I have a couple of ez-lap diamond "butterfly knife" style "stones" that are a diamond type stone, I love them a lot for taking camping or working in the field, the fact that I can fold them up and they stay clean and don't take much space in my pocket is super handy http://eze-lap.com/hunting_fishing_outdoor_use/eze-fold/ my favorite is the 400/1200 combo, they are decently cheap too. I haven't worn one out yet in 5 or so years of pretty regular use. These are designed to be used without oil/water as well which is nice.

I have gotten a couple of diamond plates, and used several diamond rods. these are the types where they are a layer of diamonds imbedded in a metal material. I do not recommend these. If you are not very gentle with them all the time, the diamonds will work their way out of the material they are imbedded in and they go "dull" so if looking for a diamond style sharpener, I recommend something that is constructed more like a stone, designed with multiple layers of diamond, so that as the stone wares, new diamond faces become exposed (ez-lap being one of the main producers of them that i know of. I swear I'm not sponsored by them but I have really enjoyed their products)

when I started working with Japanese stones, I started with the stones that basically everyone compares every other stone to - the "king" brand 1000 grit. It's a very soft wetstone, muds up very quick but cuts fairly slowly and leaves a nice matte scratch pattern instead of directional scratch patterns. with this stone alone you can get an extremely sharp edge though it is a little toothy, so my next stone was the 6k king stone, much harder, has an almost mirror like finish and pretty fast, I have tried intermediate grits but i feel like it actually took longer than going straight from 1k to 6k so i stopped bothering. After several years of using the 6k there is relatively little wear, I have probably taken more off flattening the stones than I actually have with a knife, but still less than 1mm or so probably has been worn away. definitly a nice high grit stone. The 1k on the other hand, I wore completely through one the first year, and another one the next year, and decided it was time to get a harder 1k. Shapton seems to be one of the best high end japanese stones and at the time they were like $100+ each. I discovered that these were the "american" version, something about the binder was special because they were meant to withstand a dry climate which wasn't a problem in japan, and you could order the japanese version of them for much cheaper but just had to be a little more careful about keeping them somewhere not too dry. here's that stone https://www.amazon.com/Kuromaku-Ceramic-Whetstone-Medium-Grit/dp/B001TPFT0G they are a little pricy, but it's extremely hard, and cuts faster than the king 1k and after the same treatment that wore 2 king stones completely through (30+ knives 2 or more times a week) It has also shown barely any wear. I got a very cheap (like $3) super low grit stone from an asian mart, sorry I can't relay the brand or grit size, it's all in Chinese, but I use that for major reprofiling. It cuts fast, falls apart fast and is basically the cheap machete of stones, but it will handle all the grinding work relatively quickly that if I had the funds for a belt sander I would do on a belt sander.

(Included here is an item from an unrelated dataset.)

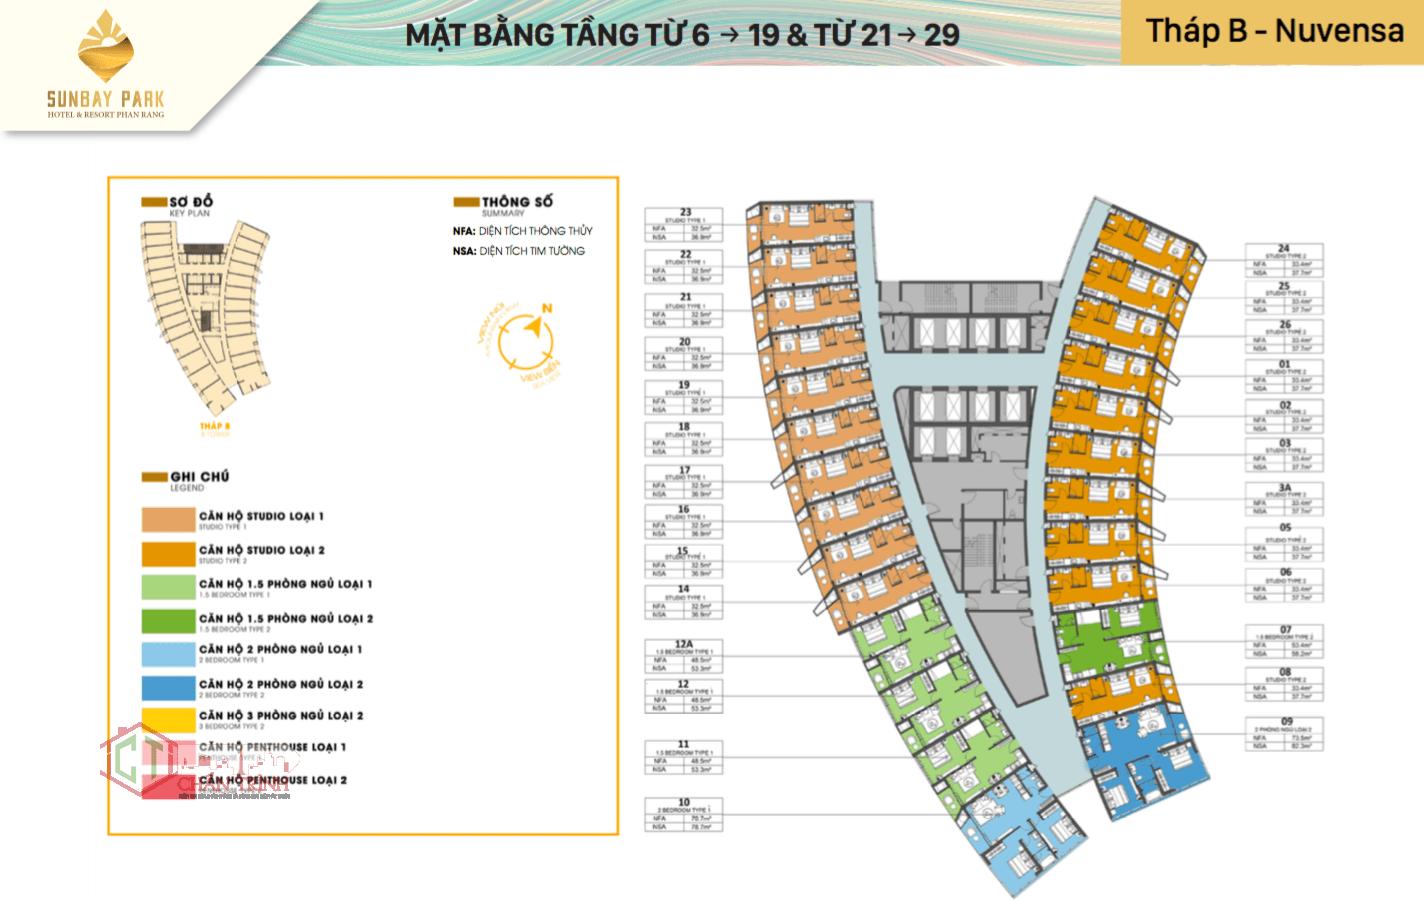 Thiết kế MB căn hộ Sunbay Park tháp B từ tầng 06 đến tầng 19 & 21 đến 29

I have played around with a stone called "the sharp pebble" which was a 1k/6k combo, seems better than the king stone on the 1k, at the time it was heavily featured in a lot of "I tried the cheapest japanese wetstone on amazon" type videos and it was pretty inexpensive, though it looks like it's popularity has driven the price up...

The only thing I use natural stones on is my scythe blades, I should experiment with them on a knife, but I don't have a lot of experience there to elaborate more. a lot of the stuff i see at the hardware store are smaller stones, which is fine if you are sharpening pocket knives and small knives but for me, doing a ton of chef knives It makes way more sense and is way more ergonomic to have a larger stone, you get bigger strokes and its more easy to do complete strokes of the knife in one pass without having to readjust or play with the angle of your stroke, so that's why I never really went with that.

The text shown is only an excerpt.